LPH I had a pretty atypical trajectory. My last two years of high school, my parents moved me, and they were very hard years. I was projected by guidance counselors to just be an okay student in college. My high school performance was very inconsistent; there were a couple teachers that picked up on that I might have a little bit of talent. I went to the local university, Utah State University. The university experience was very good for me. But what’s really valuable, especially earlier on, is to just get skills that give you flexibility. I think analytical skills are very handy for me. The side of mathematics that involve thinking and reasoning can be tremendously valuable. Lots of fields use mathematics, they use statistics, and you don’t want lack of knowledge of that stuff to get in the way of progress. Not everyone’s going to be analytical and quantitative; but get some type of core basic sets of skills, and find a flexibility.

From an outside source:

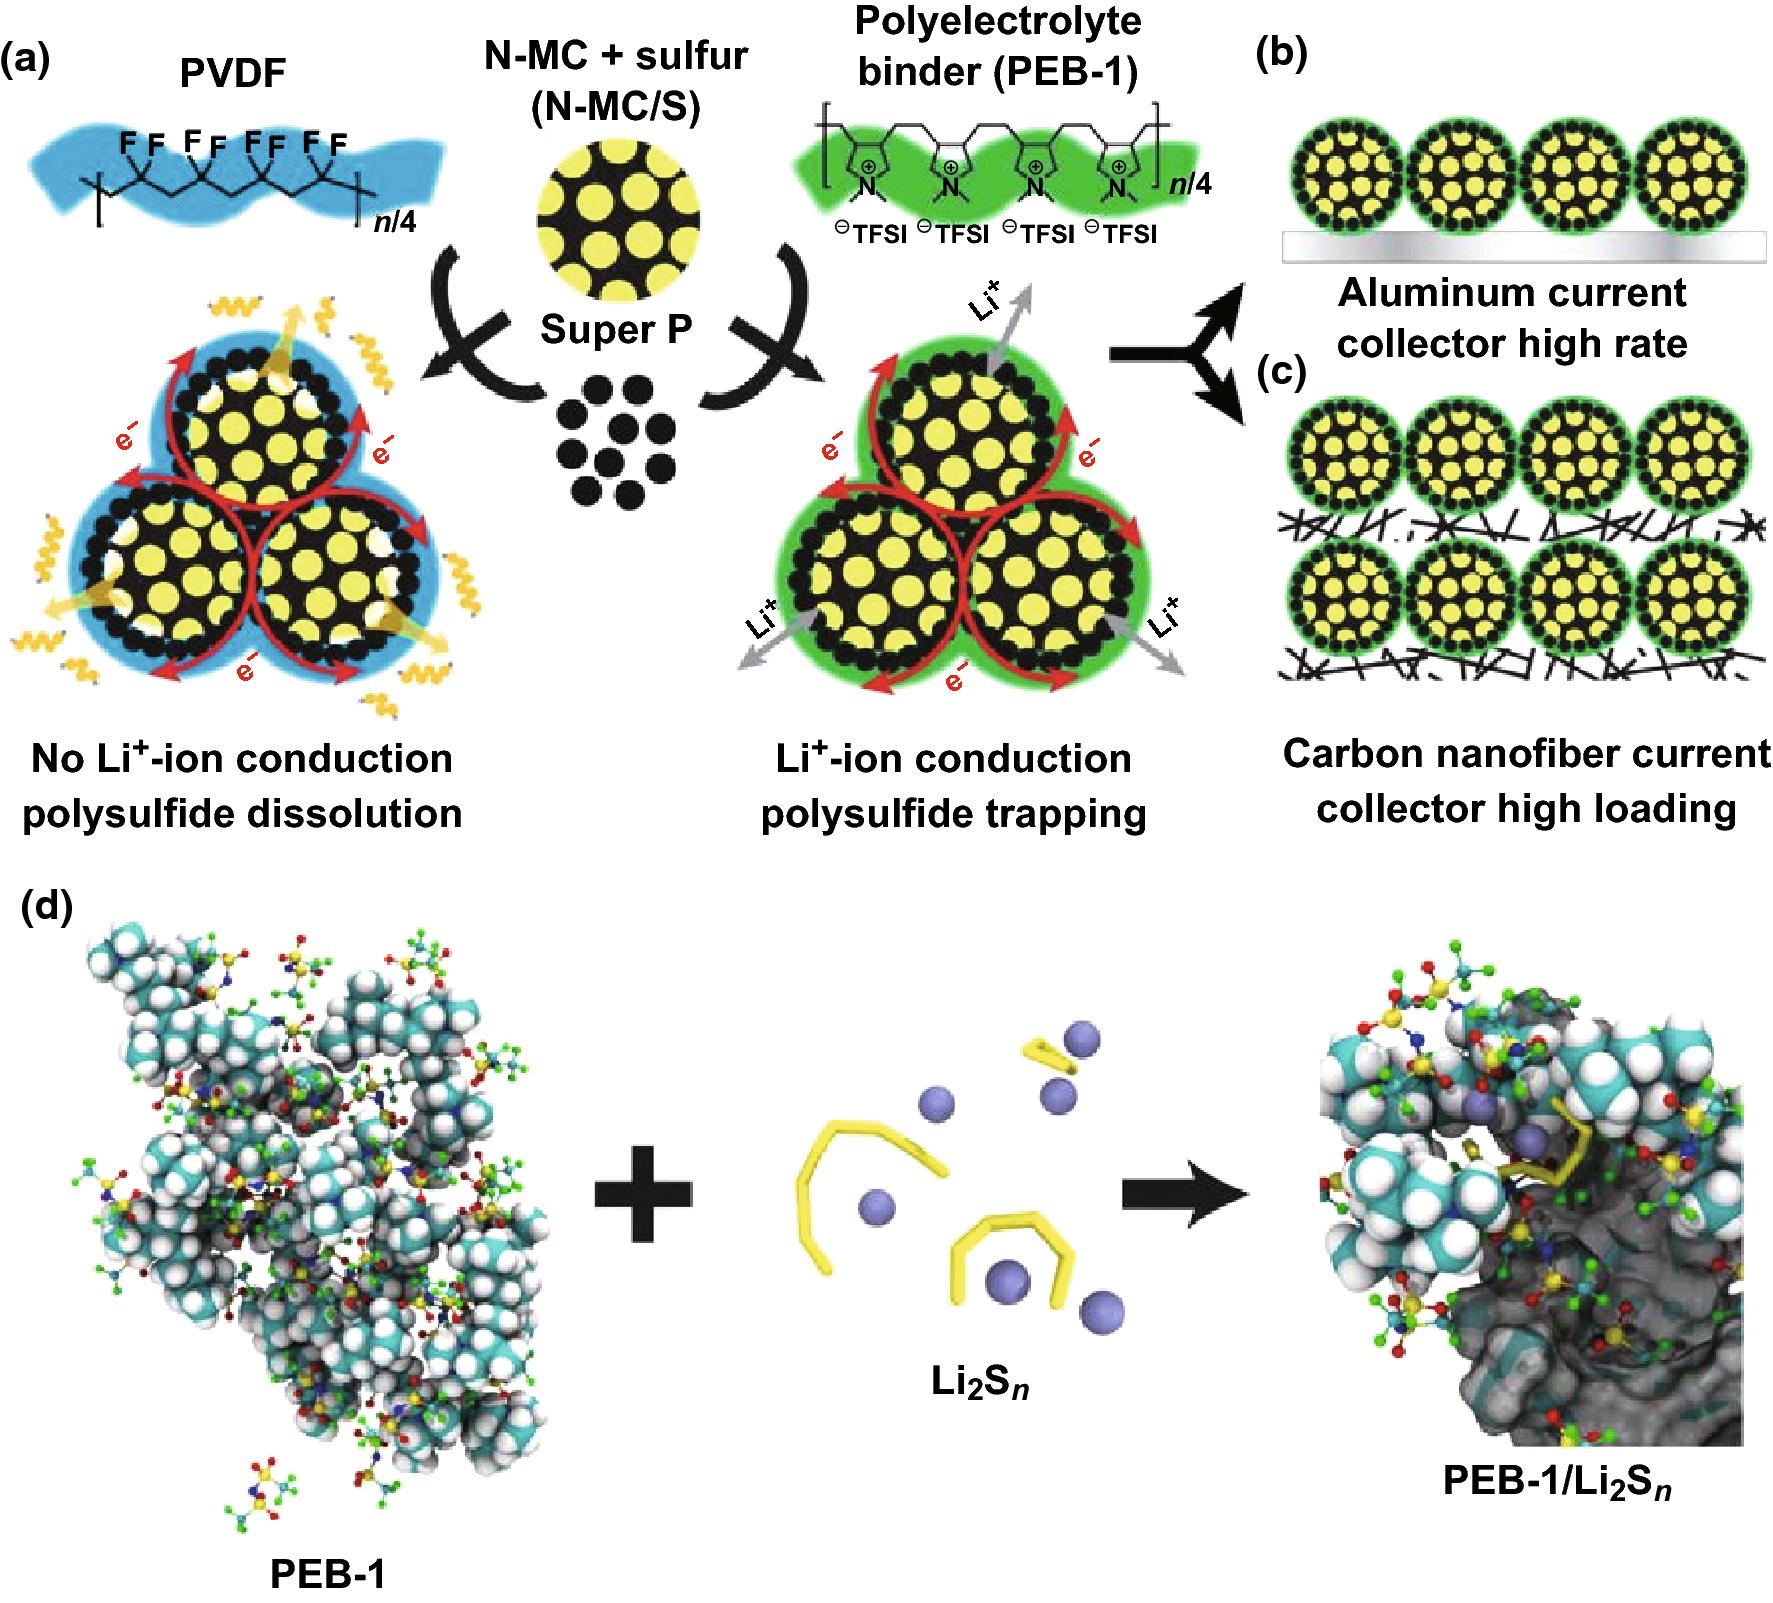 Housing Sulfur In Polymer Composite Frameworks For Li–S

It was very hard to, at least it was for me as a high school student, to guess what was going to happen to my future career. Having some core skills like flexibility allowed me to end up pursuing the stuff I wanted to.

SL What inspired you to enter the field of economics?

LPH In college, I initially was working in a chemistry lab and was a chemistry major, but I didn’t like lab work all that much; I knew that that was not going to be a good match for me. I started taking math classes; I actually enjoyed college math more than high school math; mathematics in high school is sometimes taught in very mechanical ways, and it makes it, to me, less interesting. When it’s more teaching you how to think and analyze in a systematic way, it’s much more interesting. I started taking some math classes, and I eventually got a mathematics major. My junior year I took my first economics class, and by my senior year my professors had me in the Ph.D program in economics. They designed a very accelerated curriculum to get me ready for graduate school. I just had maybe three key professors that were very important to my development at the university.

SL I understand there is a polarization between Dr. Fama and Dr. Shiller; so who would you gravitate more towards in terms of their analysis of markets?

LPH The [areas] that are polarized are the places in which the amount of basic evidence we have is weak. When it’s not so strong, then it leads to a much broader range for interpretation. If you look at the common theme of all of our work, I think all of us are looking at financial market data in new and different ways that challenge a lot of the conventional models of our day. Both Eugene [Fama] and I years ago were studying foreign exchange markets. Gene did some exceptional work. We were exposing problems with the existing model in order to improve the models. It’s not just the markets, but the consequences of the markets. To some extent, both Gene and I have been attracted to models that impose some degree of rationality on investors. Models are a simplification, an abstraction. Nobody thinks that all investments are fully rational. That’s just a simplification in order. When we know that model is false, the real question is, is it false in really important ways? Or is it false in ways that aren’t so consequential? So for me it’s all about evidence. It’s all about models.